Как много она знает! Быть может, даже гораздо больше, чем я могу догадаться. Я изумляюсь, но не спрашиваю. И Франк, и я попытались заговорить с ней, но не смогли. Это, быть может, жалкое малодушие, но мы не смогли. Вначале она сама задавала вопросы, но, почувствовав наше смущение, больше не спрашивала. Она только опять и опять возвращалась в наш дом, хранивший эту трагедию. Она унаследовала от матери чудесные карие глаза, золотистые волосы, подвижные тонкие черты. Но где сверкающие глаза Сильвии, ее румянец, веселость, восторженность! Когда я вспоминаю это, то судорожно сжимаю руки и опять принимаюсь за мою работу.
Или иду к Франку, в его берлогу, где он неизменно сидит со своим угрюмым, сосредоточенным лицом и поседевшими за одну неделю волосами. Он никогда не произносит вопроса, но я читаю в его глазах: «Сколько вы написали сегодня?» Жестокий надсмотрщик этот Франк! Его преследует мысль, что я могу умереть, не окончив моей повести.
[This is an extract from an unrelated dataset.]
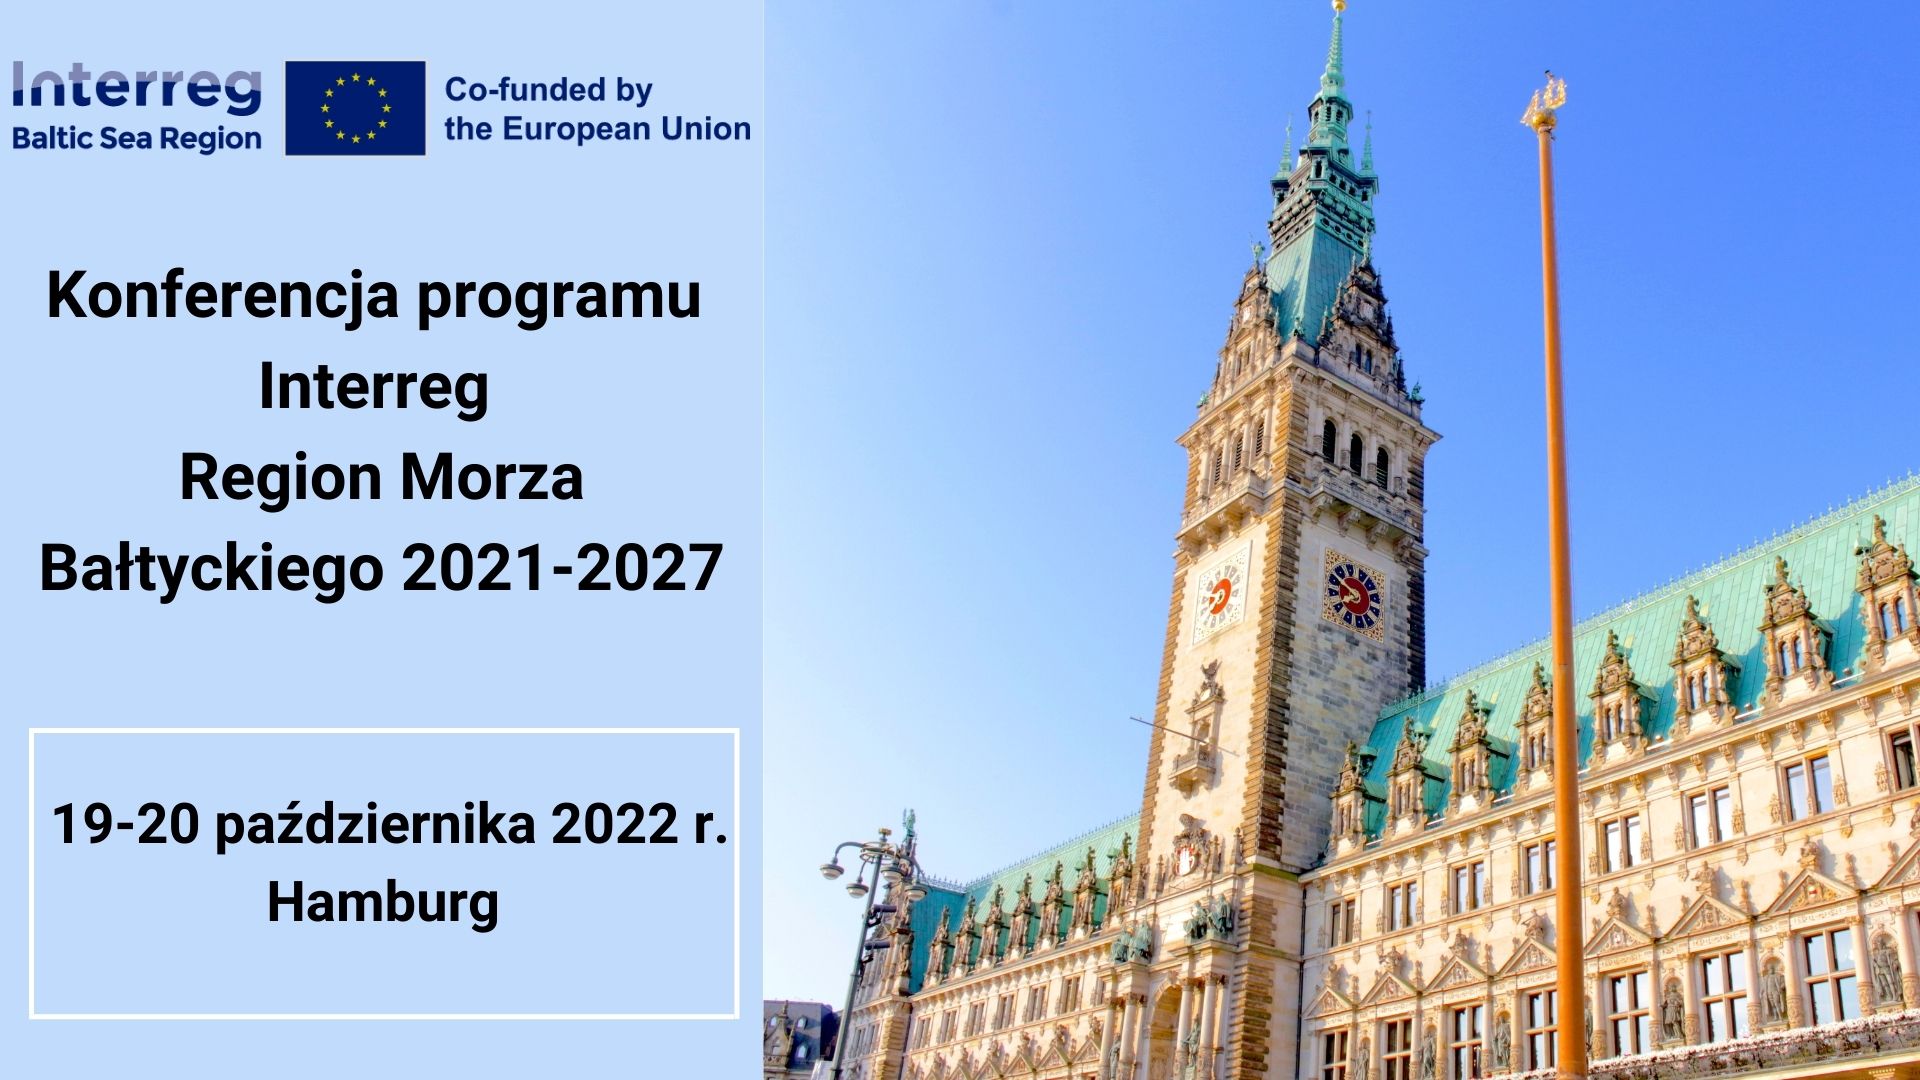 Zapraszamy na konferencję programu Interreg Region Morza Bałtyckiego 2021-2027, która odbędzie się w dniach 19-20 października 2022 r. w Hamburgu

Самое трудное для меня – это воссоздать образ Сильвии в те яркие, чудесные годы ее молодости, когда она считалась первой красавицей в своем кругу, когда поклонники кружились вокруг нее, как ночные бабочки вокруг зажженной свечи. По силам ли старому человеку, полному горестных воспоминаний, воскресить волшебную молодость, ее блеск и очарование, ее безрассудство, стремительную горячность и неподдельную, трепетную восторженность!